Department of Optics, Faculty of Science, University of Granada, Campus de Fuentenueva, s/n 18071 Granada, Spain.
Université Jean Monnet Saint-Etienne, CNRS, Institut d Optique Graduate School, Laboratoire Hubert Curien UMR 5516, Saint-Étienne, France.
Dent Mater. 2024 Oct;40(10):1677-1684. doi: 10.1016/j.dental.2024.07.013. Epub 2024 Aug 3.
To assess the prediction accuracy of recent optical and numerical models for the spectral reflectance and color of monolithic samples of dental materials with different thicknesses.
Samples of dental resin composites of Aura Easy Flow (Ae1, Ae3 and Ae4 shades) and Estelite Universal Flow Super Low (A1, A2, A3, A3.5, A4 and A5 shades) with thicknesses between 0.3 and 1.8 mm, as well as Estelite Universal Flow Medium (A2, A3, OA2 and OA3 shades) with thicknesses between 0.4 and 2.0 mm, were used. Spectral reflectance and transmittance factors of all samples were measured using a X-Rite Color i7 spectrophotometer. Four analytical optical models (2 two-flux models and 2 four-flux models) and two numerical models (PCA-based and Lab*-based) were implemented to predict spectral reflectance of all samples and then convert them into CIE-Lab* color coordinates (D65 illuminant, 2°Observer). The CIEDE2000 total color difference formula (ΔE) between predicted and measured colors, and the corresponding 50:50% acceptability and perceptibility thresholds (AT and PT) were used for performance assessment.
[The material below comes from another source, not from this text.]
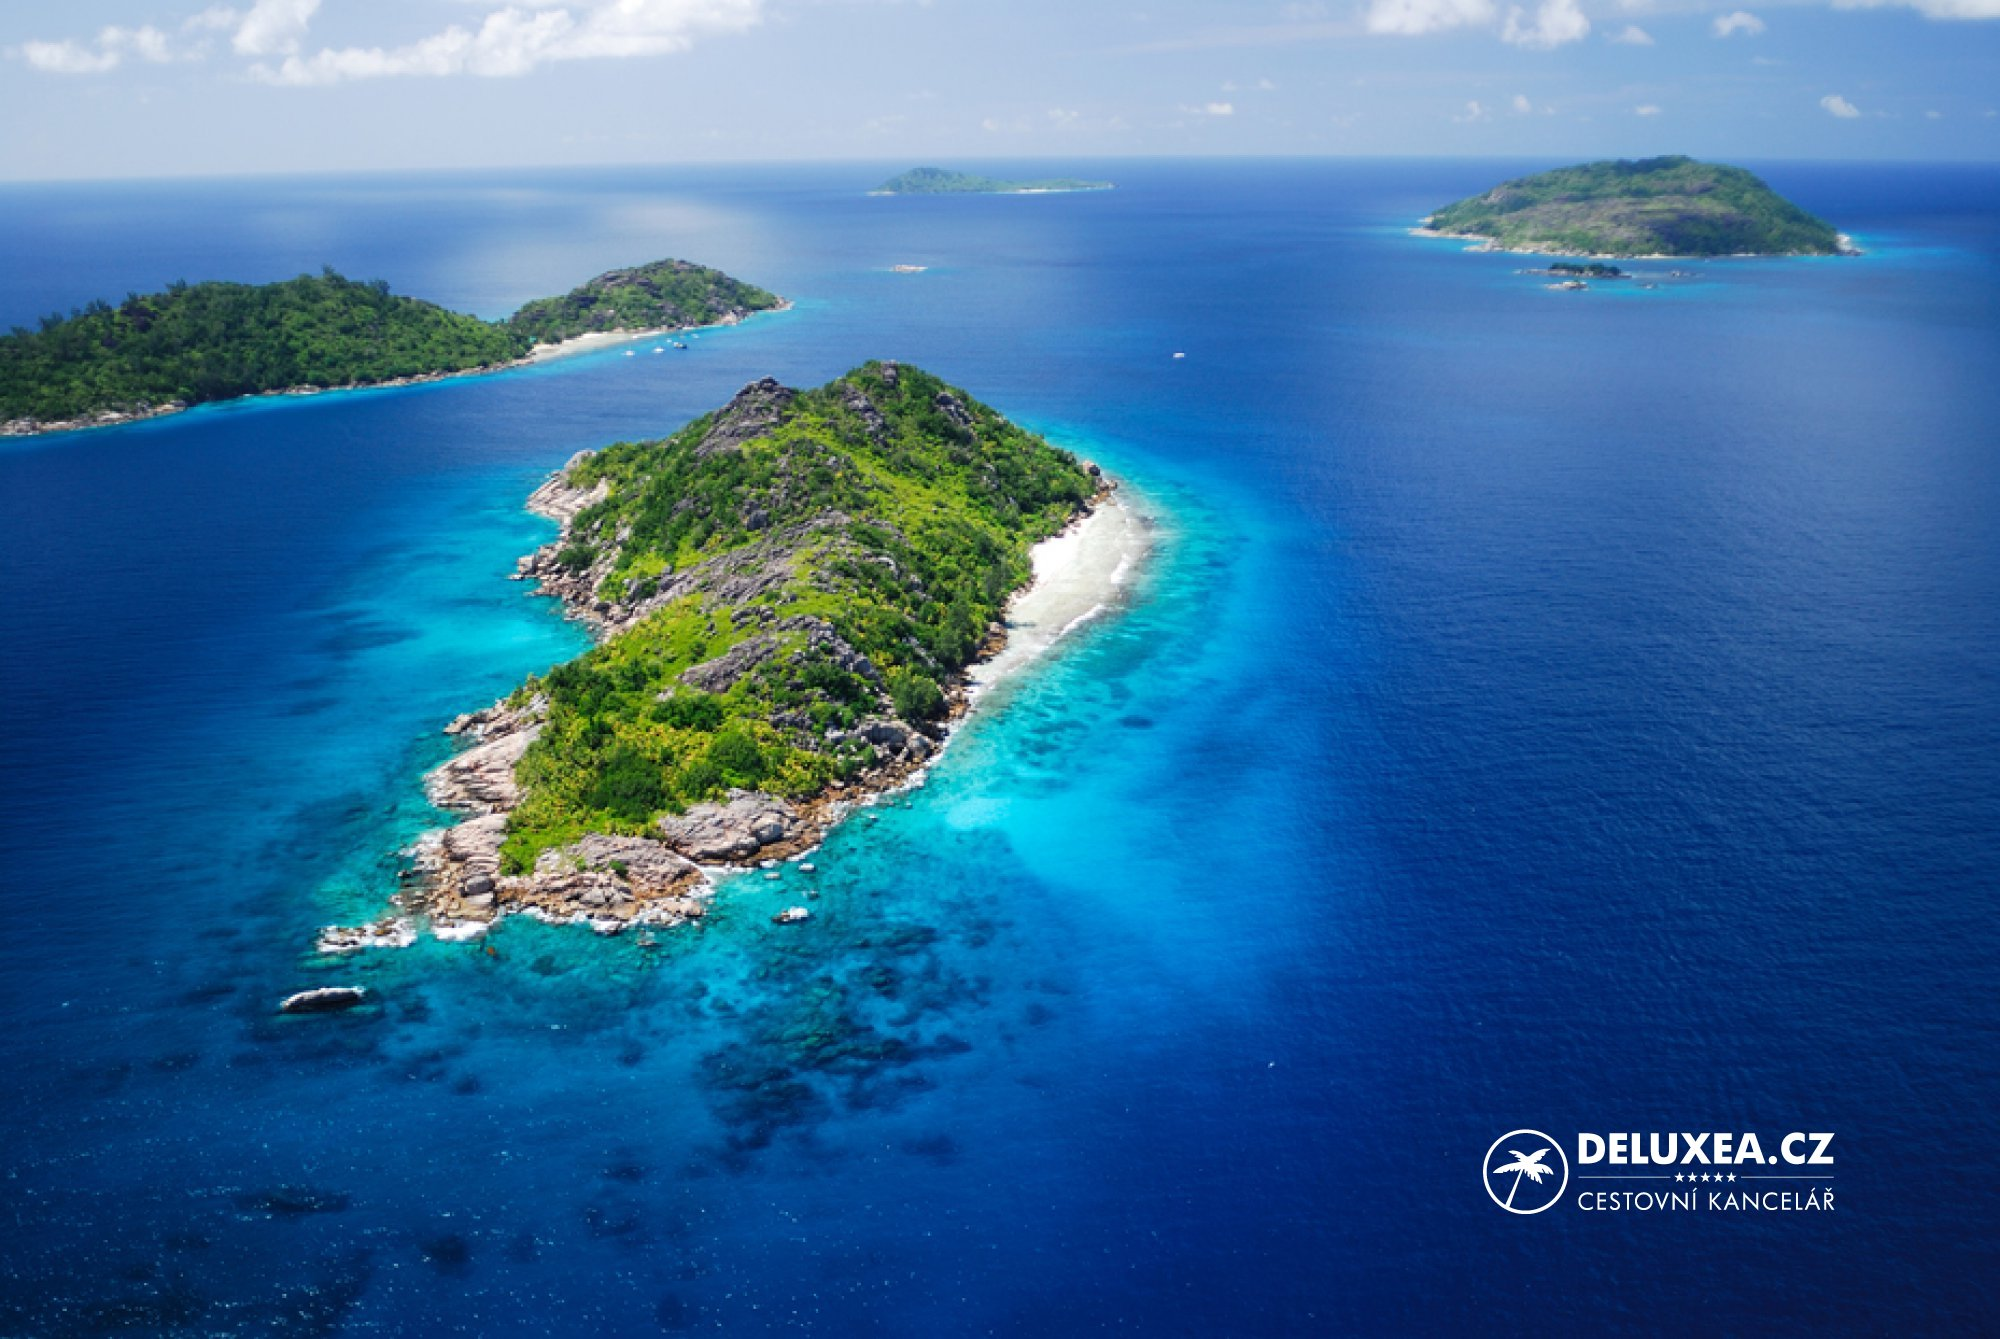 Mapa Seychely Kde Lezi Seychelske Ostrovy Deluxea

The best performing optical model was the four-flux model RTE-4F-RT, with an average ΔE = 0.72 over all samples, 94.87% of the differences below AT and 65.38% below PT. The best performing numerical model was Lab*-PCHIP (interpolation mode), with an average ΔE = 0.48, and 100% and 79.69% of the differences below AT and PT, respectively.
Both optical and numerical models offer comparable color prediction accuracy, offering flexibility in model choice. These results help guide decision-making on prediction methods by clarifying their strengths and limitations.
评估最近的光学和数值模型对不同厚度的牙科材料整体样本光谱反射率和颜色的预测精度。
使用厚度在 0.3 至 1.8 毫米之间的 Aura Easy Flow(Ae1、Ae3 和 Ae4 色调)和 Estelite Universal Flow Super Low(A1、A2、A3、A3.5、A4 和 A5 色调)的牙科树脂复合材料样本,以及厚度在 0.4 至 2.0 毫米之间的 Estelite Universal Flow Medium(A2、A3、OA2 和 OA3 色调)的样本。使用 X-Rite Color i7 分光光度计测量所有样本的光谱反射率和透射率因子。实施了四个分析光学模型(两个两流模型和两个四流模型)和两个数值模型(基于 PCA 和基于 Lab*-的模型),以预测所有样本的光谱反射率,然后将其转换为 CIE-Lab*颜色坐标(D65 照明,2°观测者)。使用 CIEDE2000 总色差公式(ΔE)来评估预测和测量颜色之间的差异,以及相应的 50:50%可接受性和可感知性阈值(AT 和 PT)。
表现最好的光学模型是四流模型 RTE-4F-RT,所有样本的平均 ΔE=0.72,94.87%的差异低于 AT,65.38%低于 PT。表现最好的数值模型是 Lab*-PCHIP(插值模式),平均 ΔE=0.48,100%和 79.69%的差异低于 AT 和 PT。
光学和数值模型都提供了相当的颜色预测精度,在模型选择上具有灵活性。这些结果有助于通过阐明它们的优势和局限性来指导预测方法的决策。